Toro is a kernel created in Pascal using FreePascal compiler. The project was started in the year 2003 by Matias E. Vara using a monolithic kernel.The whole kernel is included in a RTL compliant with FreePascal for i386 and AMD x86-64 processors. The user program is compiled within the kernel and is executed in kernel mode. The intrinsic OS design select strict model in data workflow and pipeline of execution in order to avoid concurrent execution on the same shared memory region. The kernel was optimized for Multicore system and that is the principal objective of the project ,fix the current problems of Modern O.S. in Multicore environment. The main features are:

  • Supports Multithreading with SMP(Symmetric MultiProcessing).
  • Simple interface with Lazarus IDE for programmers.
  • Supports AMD x86-64 and Intel EMT64 architecture.
  • Designed to optimize the use of AMD HyperTransport technology and Intel Quick Path Interconnect technology.
  • NUMA Memory Model (Non Uniform Memory Access).
  • Stack TCP-IP.
  • Virtual Filesystem.
  • Independent of architecture.

FP-RTOS

A realtime kernel for embedded development. Primarily developed for ARM devices. Written entirely in Pascal and inline assembler.

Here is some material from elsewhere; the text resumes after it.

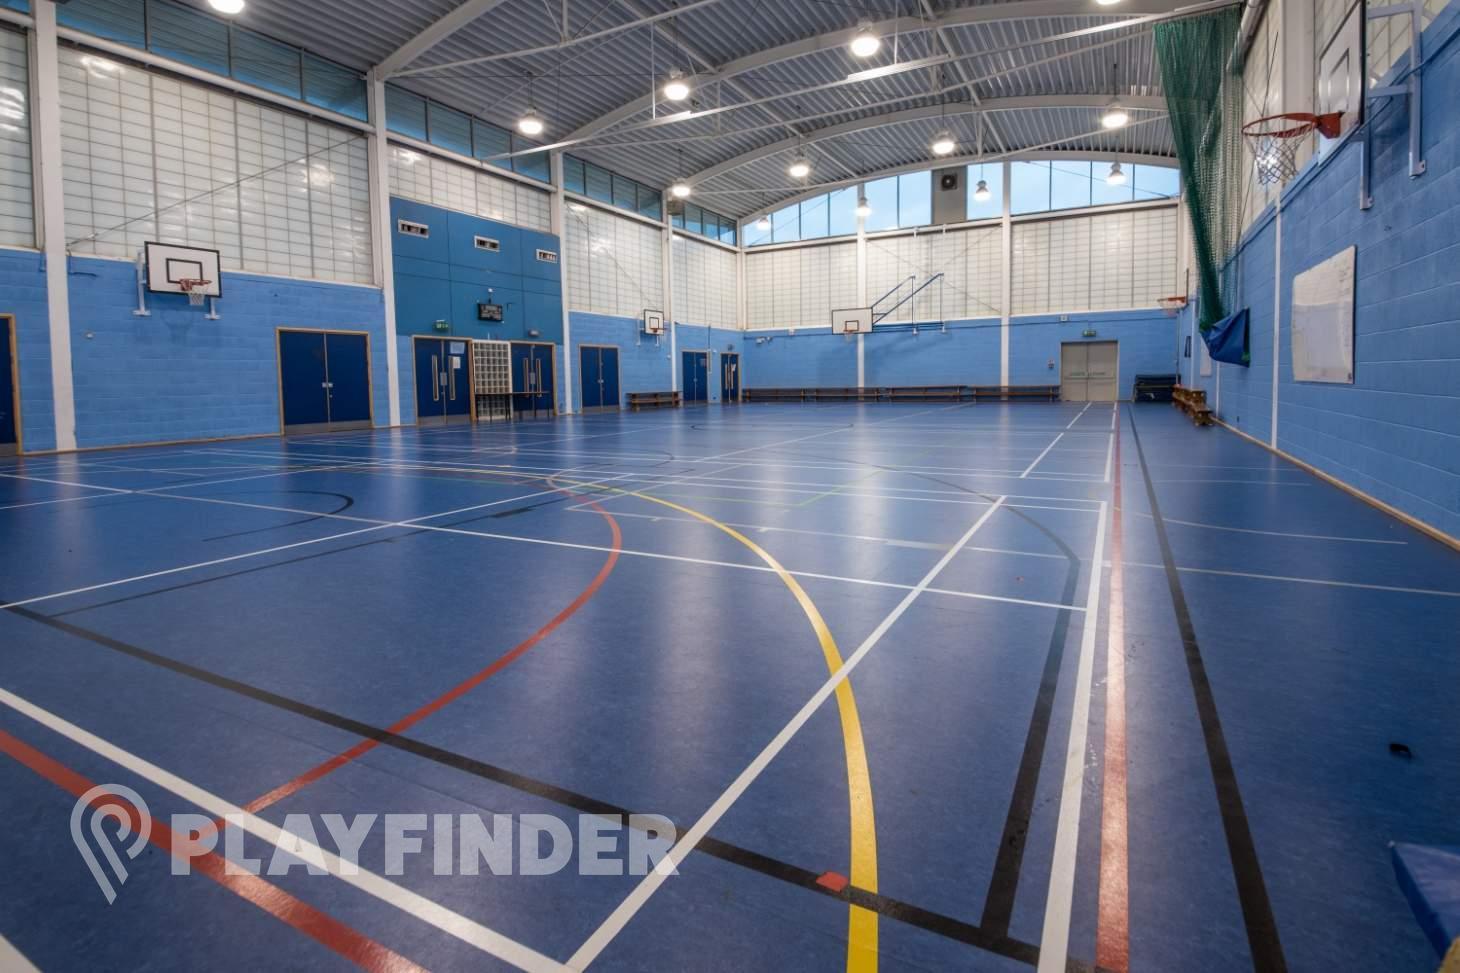 Ark Burlington Danes Academy Court | Sports hall netball court
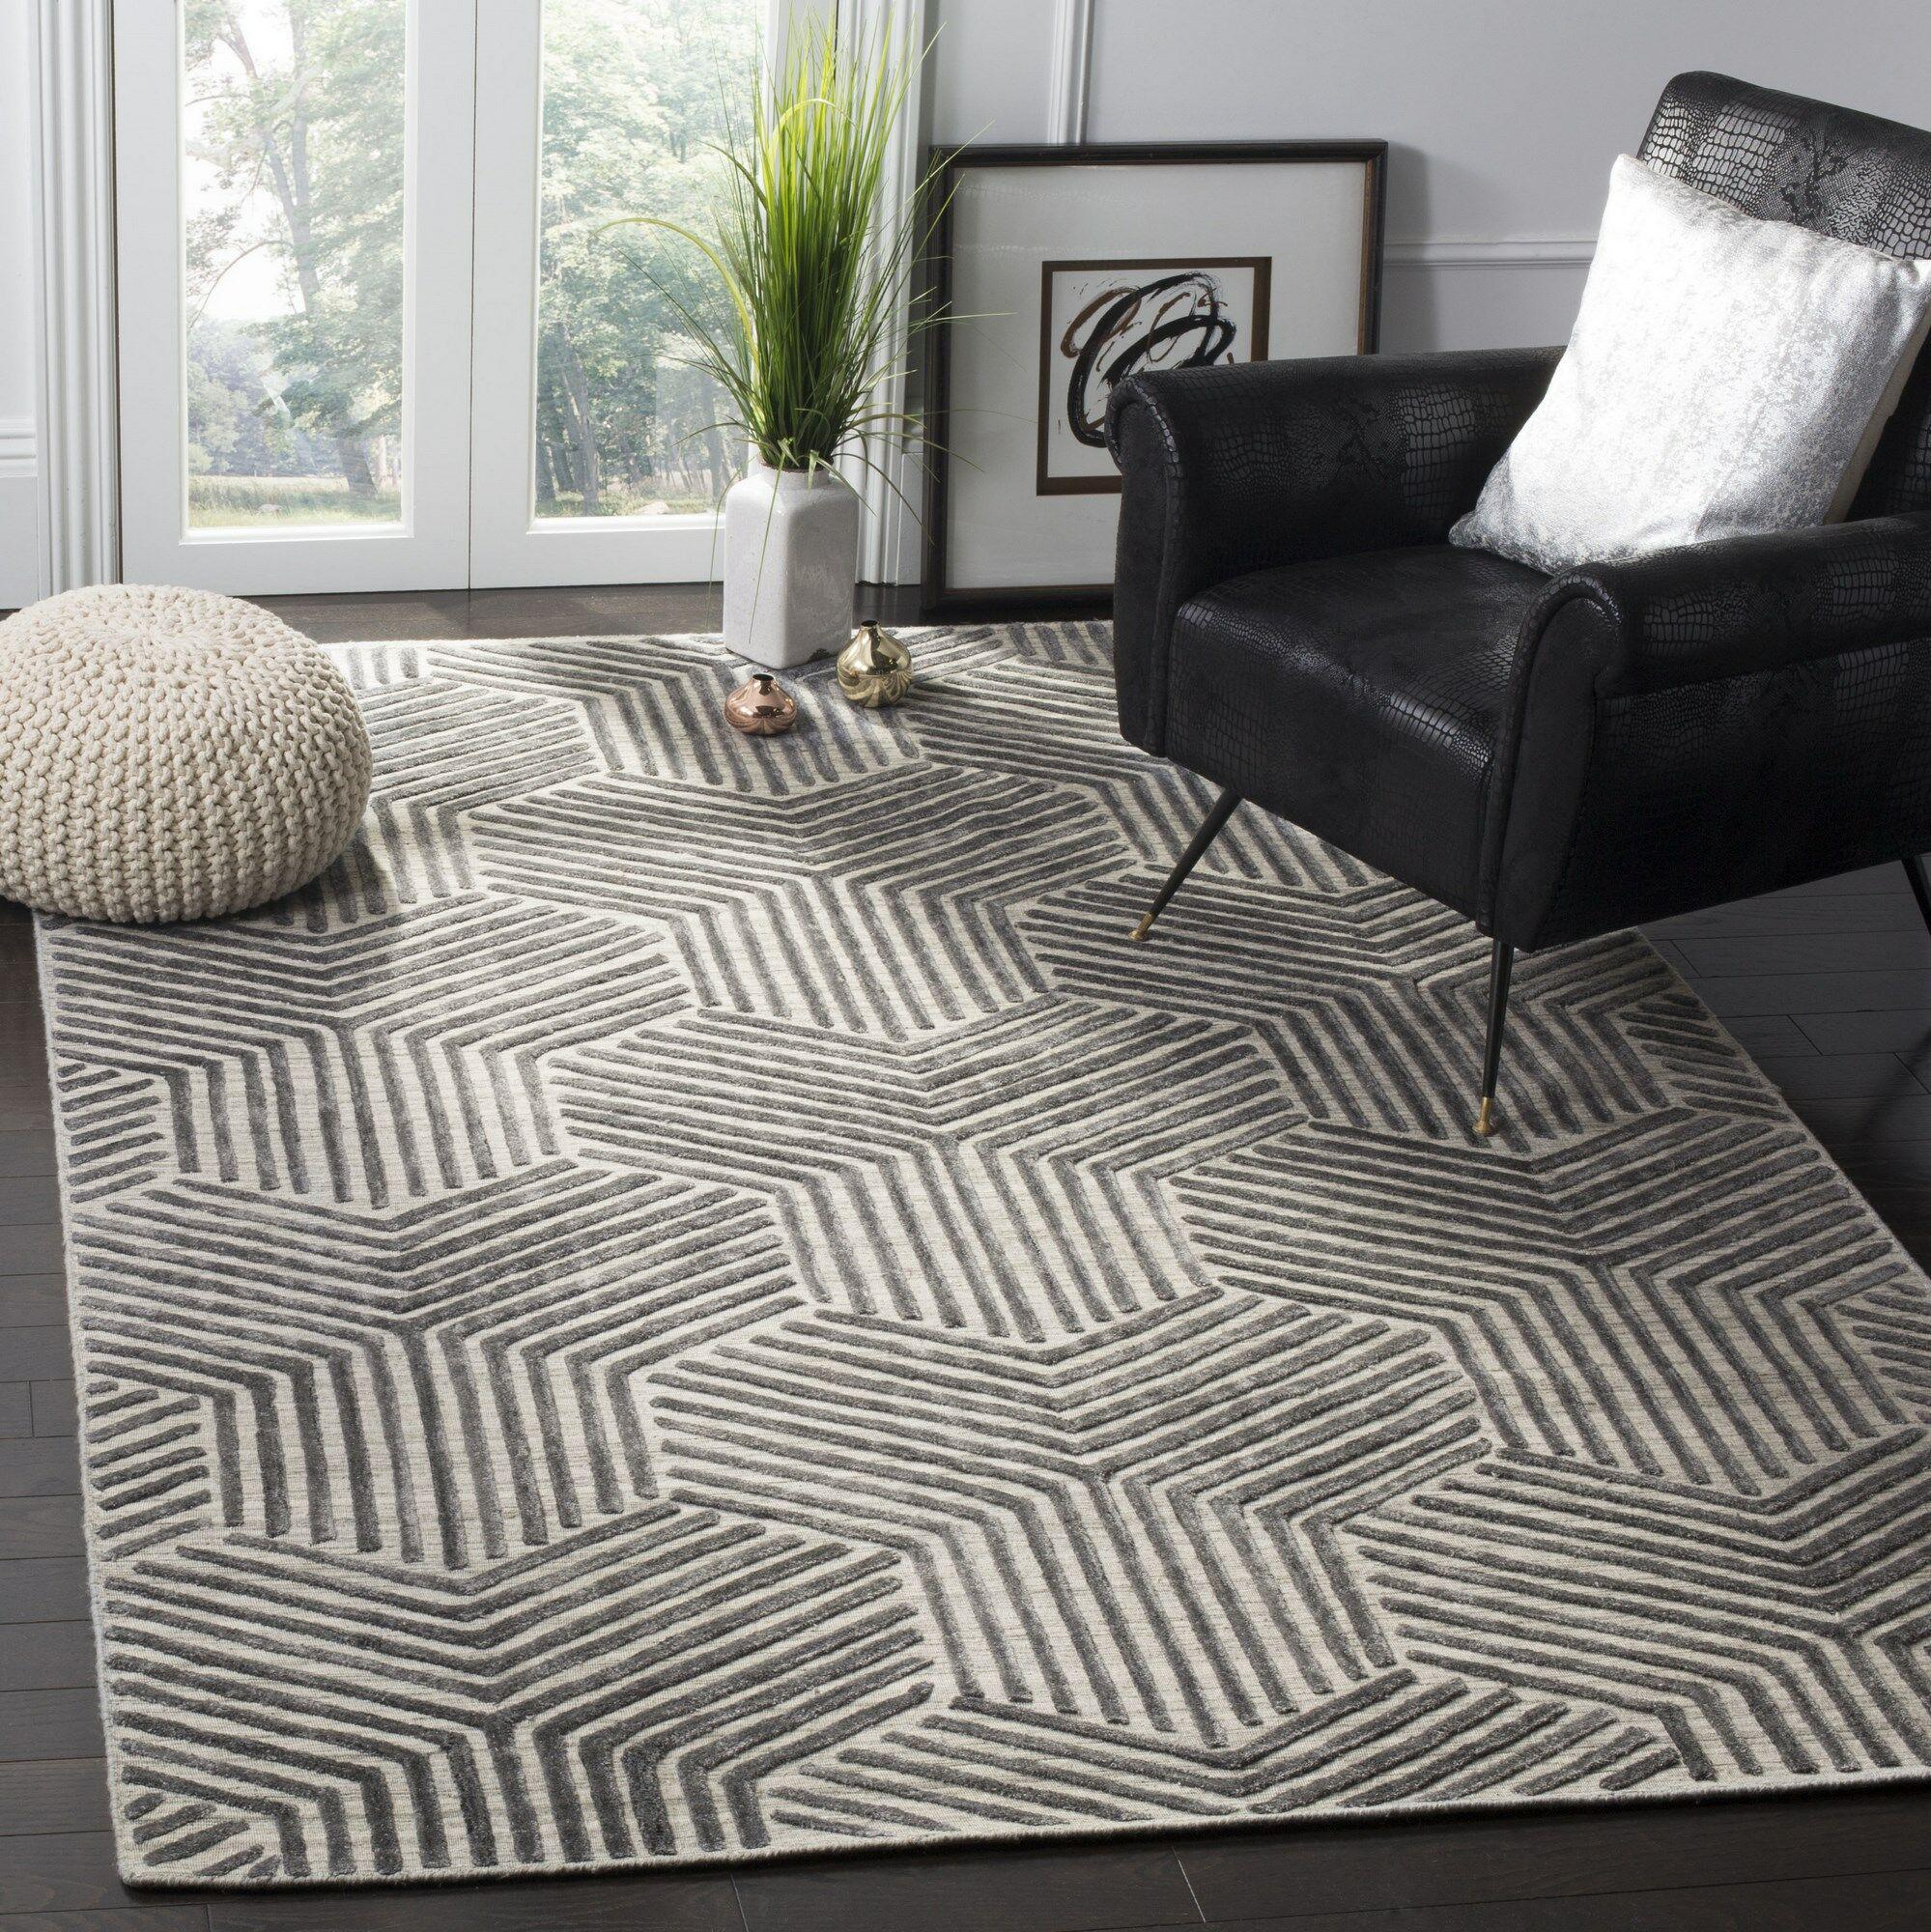 Driftwood Hand-Woven Light Gray/Charcoal Area Rug Rug Size: Rectangle 6' x 9'

  • Preemptive multitasking
  • Synchronization primitives(Mutex, Critical section, spinlock, and signals)
  • Threadsafe queue and delays
  • Optional safety features: Deadlock detection, priority inheritance, etc

Ultibo core

Ultibo core is a kernel in an RTL first released in 2016, much more than just another OS example it is a complete platform for creating modern full featured embedded applications which run without any operating system. Written 100% in Free Pascal and initially targeting Raspberry Pi, the modular design allows including only the features required for any given project. Packaged in a simple installer download for Windows or as an install script for Linux customized versions of both Free Pascal and Lazarus IDE are included along with full source and a large collection of examples to get started quickly.

Features include:

  • Support for all models of Raspberry Pi (A/B/A+/B+/2B/3B/3B+/4B/400/Zero/ZeroW/Zero2W) plus QEMU ARM emulation
  • Pre-emptive threading
  • Full range of locking and synchronization primitives
  • Multicore support on Raspberry Pi 2, 3 and 4 with all cores sharing workload
  • Thread priority, affinity and migration
  • Complete IPv4 stack including TCP, UDP, ICMP and raw sockets as well as DNS and DHCP protocols
  • USB support with drivers for Hub, Keyboard, Mouse, Storage, Network, HID, Touch, Gamepad and Joystick
  • MMC/SD/SDIO device support including eMMC devices on Raspberry Pi Compute Modules
  • Full support for FAT12/16/32, NTFS and CDFS filesystems
  • Interrupt and fast interrupt handling
  • Hardware exception handling
  • Complete RTL with strings, code pages, Unicode, classes, objects and exceptions
  • Full Winsock 1.1 and Winsock 2 implementation
  • Standard C library support including POSIX threads
  • Prebuilt libraries for Freetype2, SQLite, Zlib, Libpng and more included
  • Support for many common FPC packages
  • Hardware accelerated OpenGL ES and OpenVG graphics and support for the official Pi camera
  • Many included extras like HTTP, SMTP, NTP, SysLog, Telnet and Shell

ELERA

ELERA is 32-bit operating system that written Free Pascal / Lazarus from stratch. Operating system is:

  • Pre-emptive multi-tasking
  • VESA 2.0+ GUI interface (up to 1024x768 resolution support)
  • PS/2 mouse, keyboard, pcnet32 network, floppy, IDE disk hardware support
  • FAT12, FAT16, FAT32 file system support
  • ARP, UDP, IP socket layer

Asuro

Asuro is an x86 operating system that started development in 2015 as somewhat of an academic project. Written almost entirely in Free Pascal, with NASM used only for bootstrapping & minimal low-level routines. Asuro is a purely hobbyist operating system that differs quite majorly in design from any mainstream OS. Asuro doesn't really have an end goal in mind, it's aim is mostly to function as a playground for those that wish to play with low-level computing using Free Pascal. A dockerized build environment allows for minimal configuration to begin building/breaking/fixing Asuro, and we welcome anyone to play around with Asuro for fun or profit.